Tip 4: Simplify Task Imports and Data Management
Once your project is set up, the next phase involves importing tasks (data points). The Label Studio SDK streamlines this process as well:
- Data Preparation: Organize your data suitably for Label Studio. For image labeling, this might involve compiling a list of image URLs.
- Importing Tasks: The SDK facilitates task importation from various sources, including URLs.
project.import_tasks(
[
{'image': 'https://data.heartex.net/open-images/train_0/mini/0045dd96bf73936c.jpg'},
{'image': 'https://data.heartex.net/open-images/train_0/mini/0083d02f6ad18b38.jpg'}
]
)
This example shows how to import images for classification. The process is similar for other data types like images or audio.
- Managing Additional Data Columns: Sometimes, we want to create additional data columns after project creation. For example, if we wanted to add a 'link_source' column, we could add a new task with the new column included.
project.import_tasks(
[
{'link_source':'wikipedia', 'image': 'https://upload.wikimedia.org/wikipedia/commons/thumb/2/25/Siam_lilacpoint.jpg/294px-Siam_lilacpoint.jpg'}
]
)
- Backfilling Missing Data: If we want to fill in missing values for this new column for existing tasks, we can update tasks individually or in bulk with the SDK.
for t in project.get_tasks():
d = t['data']
if not 'source' in d:
d['source'] = 'data.heartex.net'
project.update_task(t['id'], data=d)
These steps demonstrate the ease with which you can manage your data labeling projects using the Label Studio SDK, streamlining the import and management of tasks to save time and reduce manual errors.
Tip 5: Bulk Data Exports
In machine learning, managing large datasets efficiently is pivotal. The Label Studio SDK offers an effective approach for bulk data exports, addressing common challenges like extended processing times and web request timeouts.

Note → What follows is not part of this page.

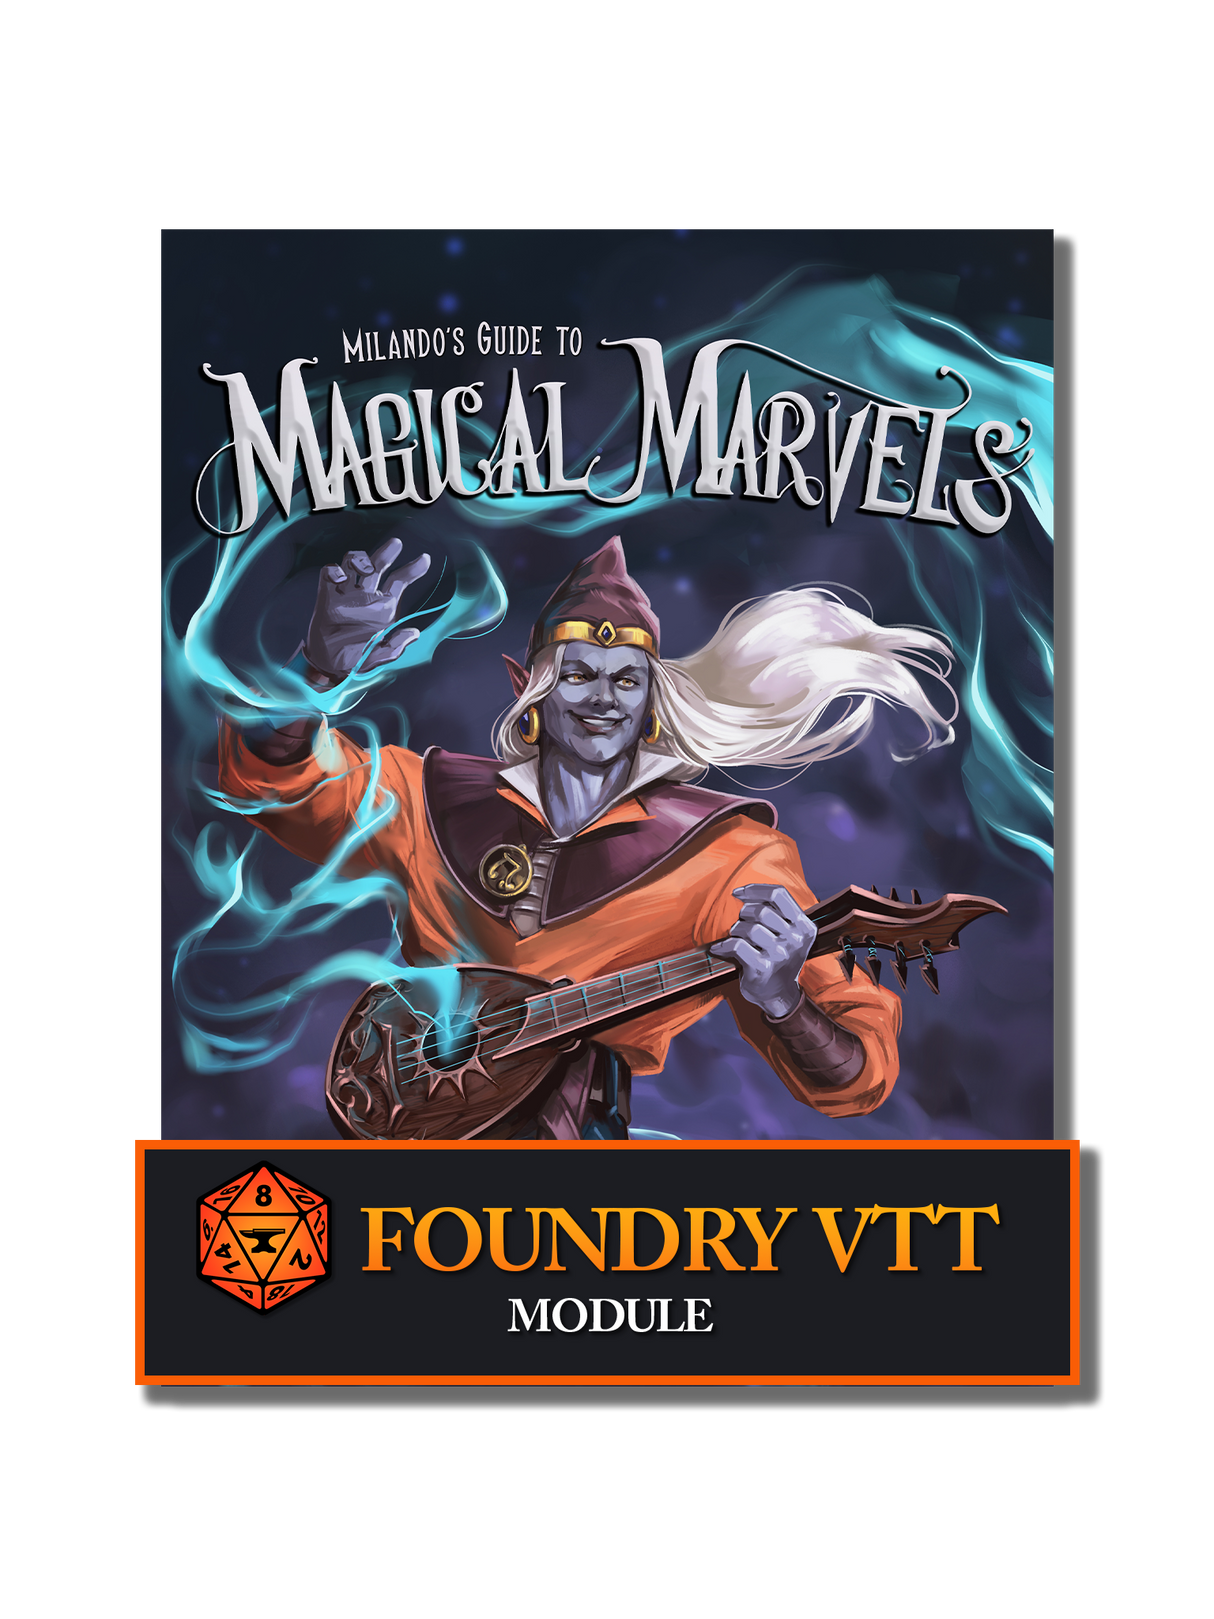 Milando's Guide to Magical Marvels – Foundry VTT
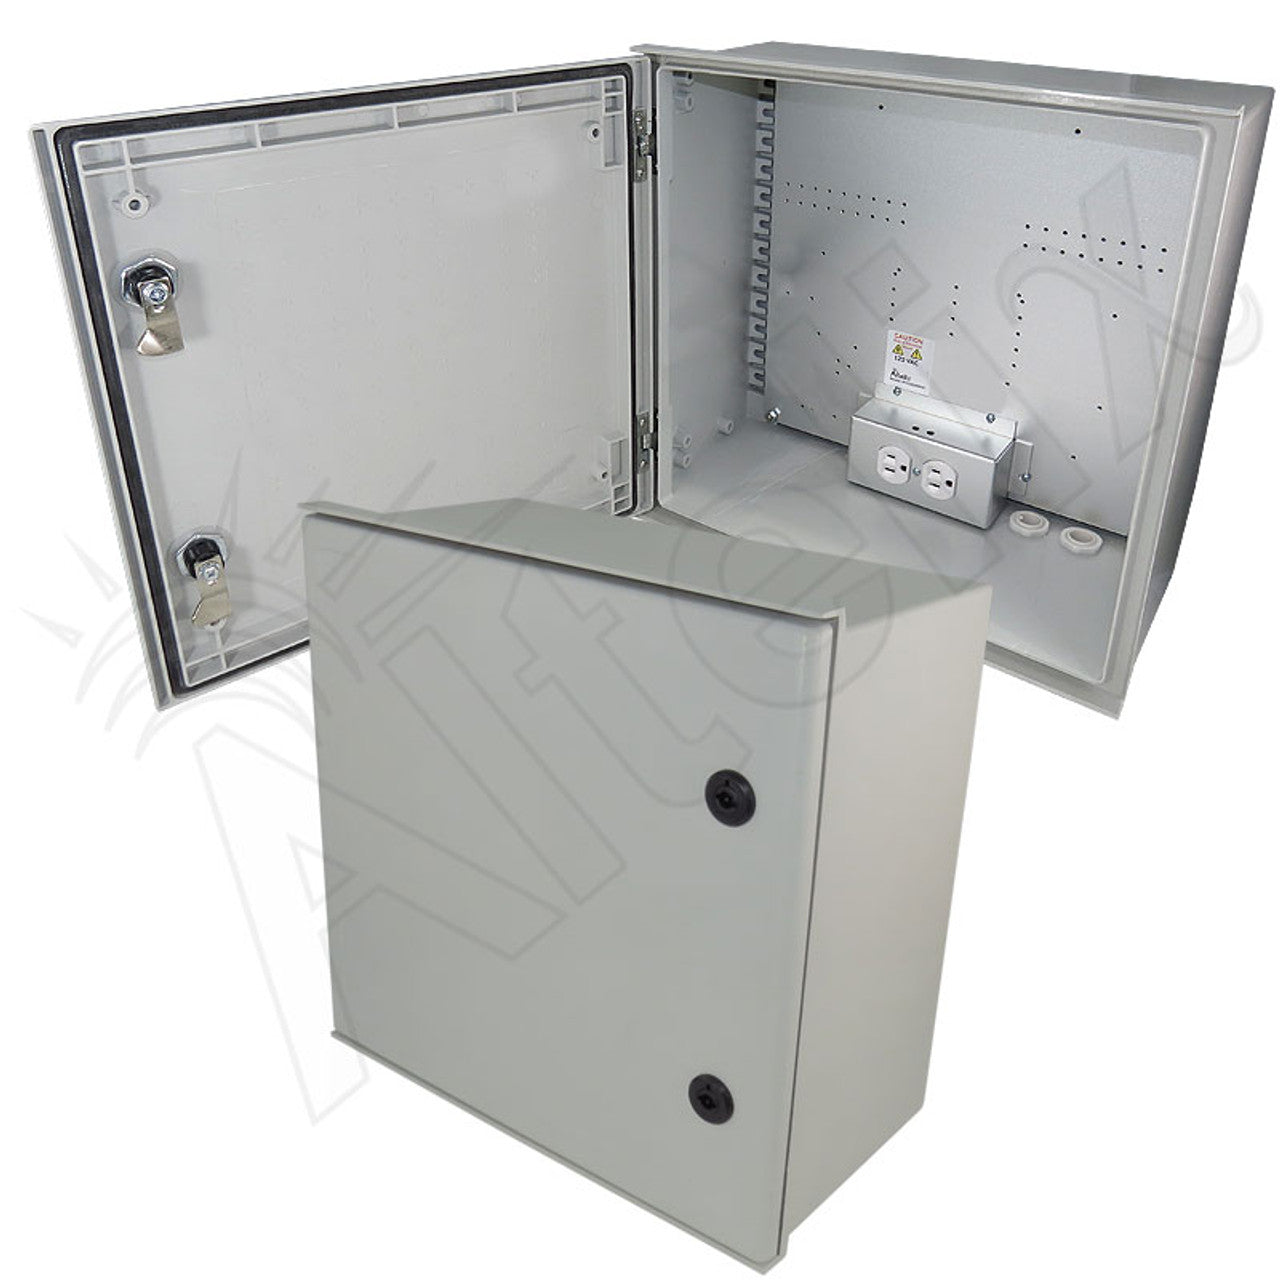 Altelix NEMA 3X Fiberglass Weatherproof Enclosure with Equipment Mounting Plate & 120 VAC Outlets

- Creating a Snapshot for Export: Begin by generating a snapshot of your project, which will serve as the basis for the export.
snapshot = project.export_snapshot_create("my_snapshot")
- Monitoring Snapshot Status: Keep track of your snapshot's readiness by listing the available snapshots for your project.
print(project.export_snapshot_list())
- Downloading the Snapshot: When the snapshot is prepared, proceed to download it.
project.export_snapshot_download(snapshot['id'])
This approach allows asynchronous downloading of large datasets, facilitating a seamless and uninterrupted export process. These snapshots can also be tailored using filters, adding to their utility. For example, you might want to export only the newly added data since your last export for ongoing training. This level of customization in data exports makes the SDK a powerful tool in your machine-learning arsenal.
Conclusion
These five tips for using Label Studio's API and SDK demonstrate the powerful capabilities and flexibility these tools offer for managing data labeling projects. From efficient project creation and task imports to advanced configurations and bulk data exports, Label Studio provides a comprehensive and streamlined approach suitable for beginners and advanced users. We hope these tips enhance your workflow, save time, and ensure high-quality data preparation for your machine-learning projects. Whether you're dealing with large datasets or require specific configurations, these strategies will empower you to utilize Label Studio's full potential, making your data labeling process more efficient and effective.